Surplus fetish: The political economy of the surplus, deficit and debt

by David Richardson

The federal budget presents a complex management puzzle that all governments have to address and explain to the electorate. Sometimes concepts are borrowed from the corporate sector and sometimes analogies are made with the household sector; the Howard Government, in particular, imported numerous corporate accounting concepts. But often these concepts are applied uncritically and inappropriately. By way of discussing the budget balance, surpluses, deficits and the debt outcome, this paper addresses some of those inappropriate usages and their consequences.

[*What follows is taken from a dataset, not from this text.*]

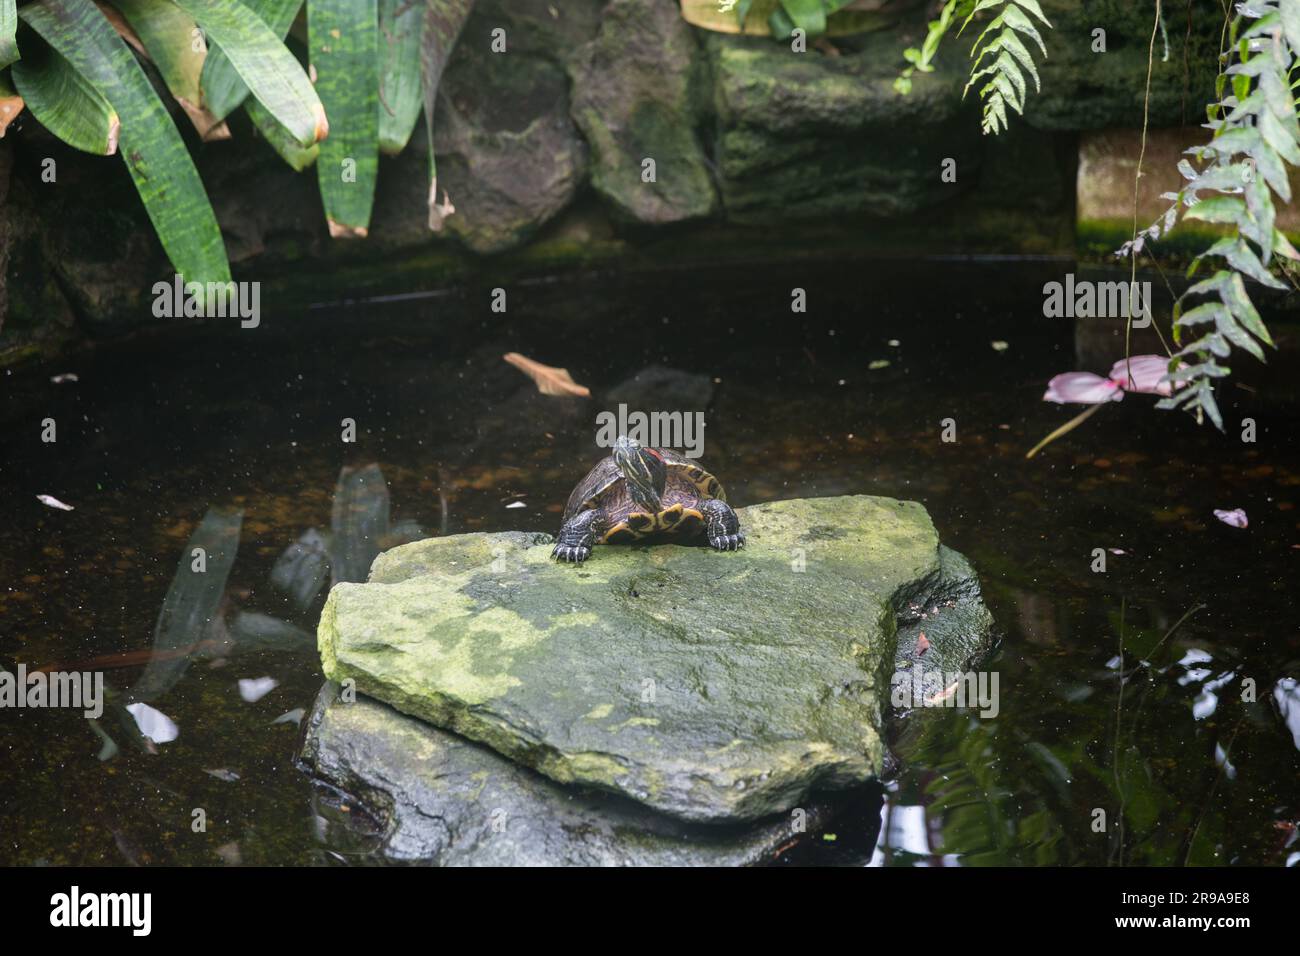 Red-eared slider turtle and koi fishes in a pond at a botanical garden in Southern California Stock Photo

During the recent election campaign, both sides of the political debate paid homage to the virtues of a budget surplus, along with the associated views that deficits and debt are ‘bad’ and need to be reined in as soon as possible, and continue to do so. Budget one-upmanship has moved beyond the balanced-budget obsession of the 1990s to the new aim of producing an ongoing surplus, the bigger the better, under which it is taken for granted that everyone will be better off. Accordingly, the main focus of the economic debate is about bringing in a surplus as big and as soon as possible, preferably at least one per cent of GDP. However, as will be shown, the present commitment to a return to a surplus of at least one per cent of GDP can actually be seen as a commitment to tax the average taxpayer $1300 more than is necessary to fund government services.